İnşaat atıkları, geri dönüştürülerek hem çevreye verilen zarar minimuma indirilmekte hem de bu malzemelerin farklı yapıların inşaasında kullanılması ile ekonomik fayda sağlanmaktadır. Örneğin, kırılmış asfat parçaları yeni asfalt çalışmalarında agrega olarak kullanılabilmektedir. Yine aynı şekilde inşaat atıkları içerisinden ayrıştırılmış briketler, geri dönüştürülerek parklarda yürüyüş yolu malzemesi; birçok yapının ana hammadesi olan beton ise demirinden ayrıştırılarak yeni inşaatlarda altyapı malzemesi olarak kullanılabilmektedir.

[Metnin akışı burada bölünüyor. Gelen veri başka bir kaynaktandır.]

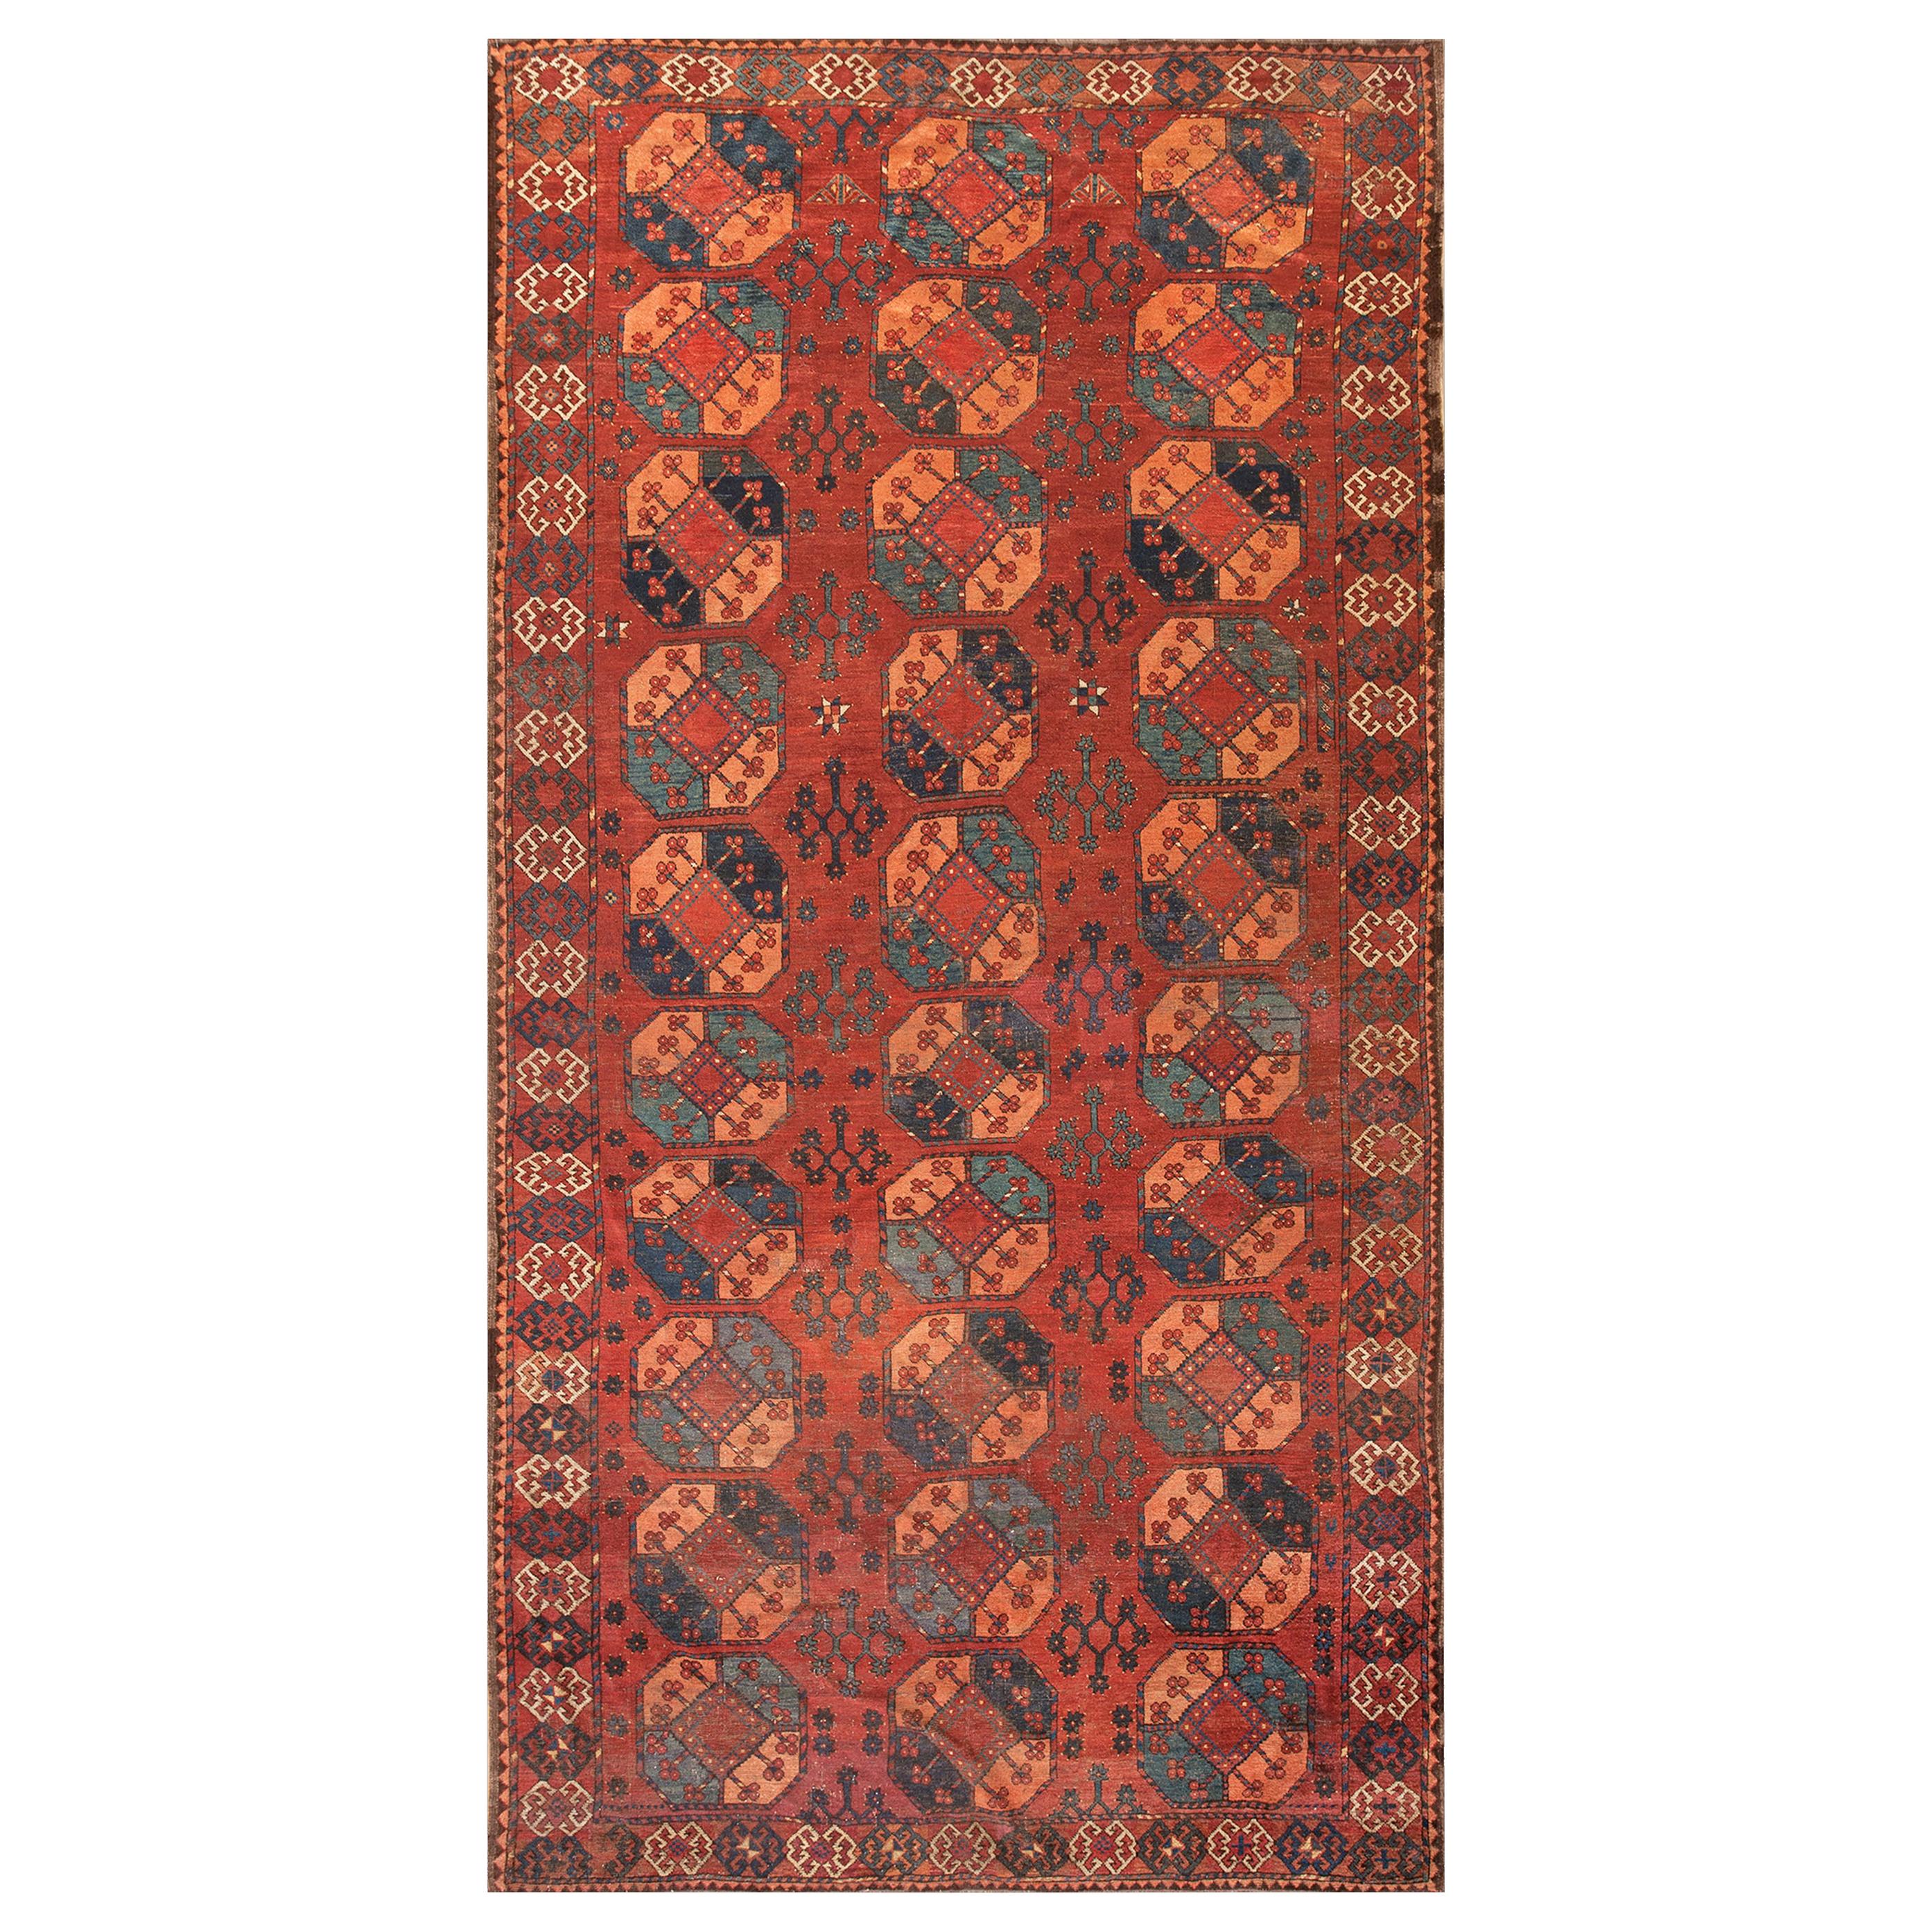 19th Century Central Asian Ersari Gallery Carpet ( 6'8" x 13' - 203 x 396 )

İnşaat atıklarının yönetimi konusunda her ülke farklı yollar izleyebilmektedir. Fakat bu konu ülkenin tamamını ilgilendirdiğinden merkezi yönetimler, konuyla ilgili yasal düzenlemeler yapmayı uygun görmektedir. Ülkemizde de konuyla ilgili düzenlemeler bulunmaktadır.

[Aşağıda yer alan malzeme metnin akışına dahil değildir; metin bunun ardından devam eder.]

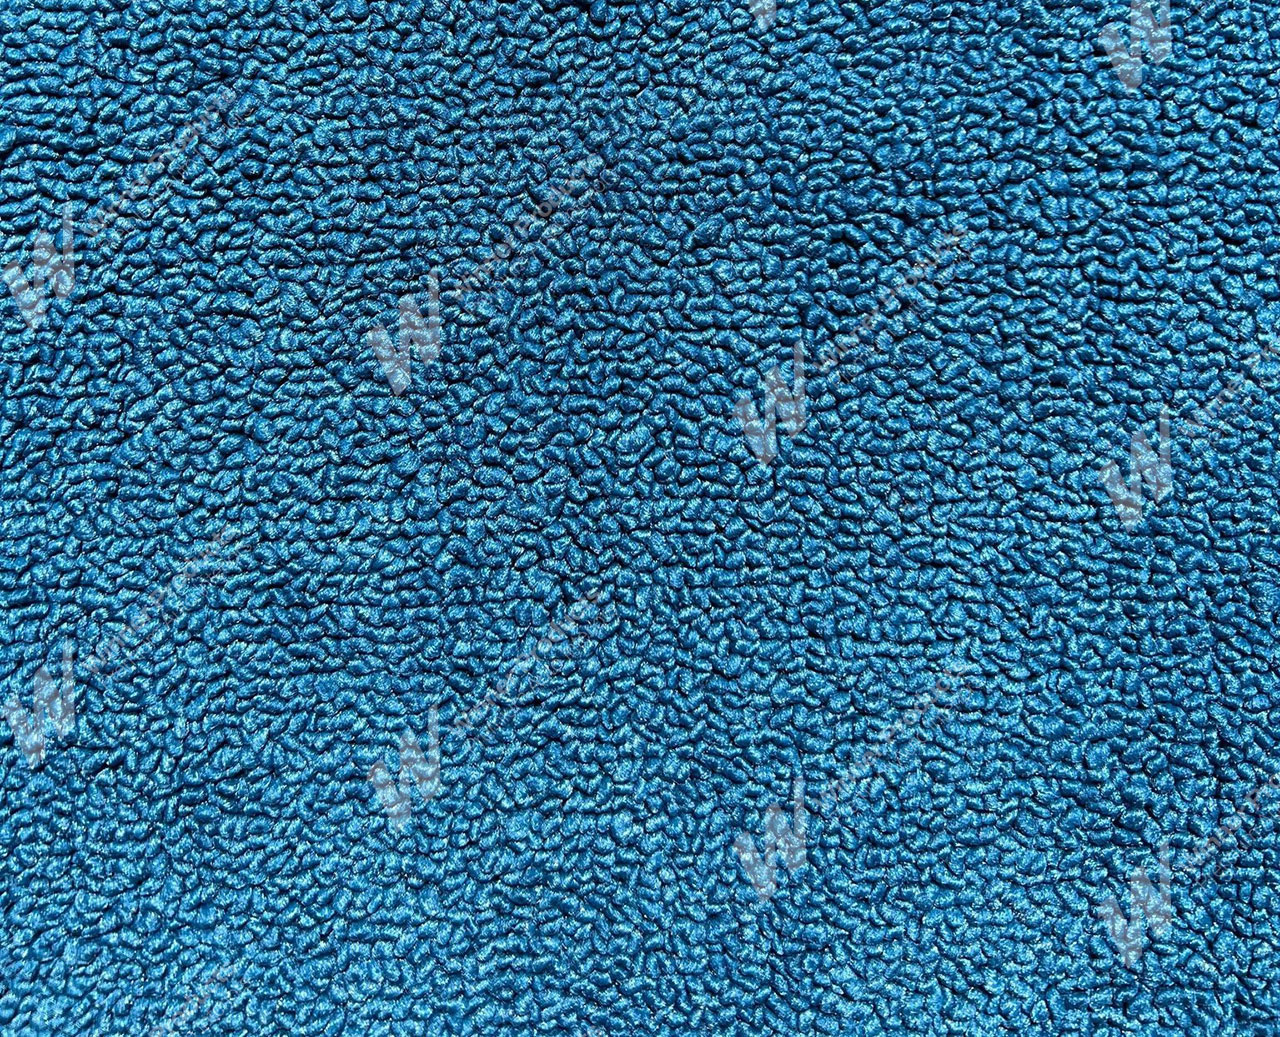 Holden Standard HR Standard Wagon E50 Dover Blue Carpet (Image 1 of 1)

Hafriyat Toprağı, İnşaat ve Yıkıntı Atıklarının Kontrolü Yönetmeliği
Bu yönetmelik, 18 Mart 2004 tarihinde 25406 sayılı Resmi Gazete’de yayınlanarak yürürlüğe girmiştir. Yönetmeliğin amacı; “hafriyat toprağı ile inşaat ve yıkıntı atıklarının çevreye zarar vermeyecek şekilde öncelikle kaynakta azaltılması, toplanması, geçici biriktirilmesi, taşınması, geri kazanılması, değerlendirilmesi ve bertaraf edilmesine ilişkin teknik ve idari hususlar ile uyulması gereken genel kuralları düzenlemek”tir. İnşaat atıklarının (ve hafriyat topraklarının) doğru bir şekilde yönetilmesi ve çevreye verilen zararın en aza indirilmesi için gerekli kuralların, usül ve esasların yer aldığı bu yönetmelik, inşaat atıklarının ortaya çıkması, toplanması, taşınması depolanması, geri dönüştürülmesi vb gibi konularda rol alan her kişi ve kurumu kapsamaktadır.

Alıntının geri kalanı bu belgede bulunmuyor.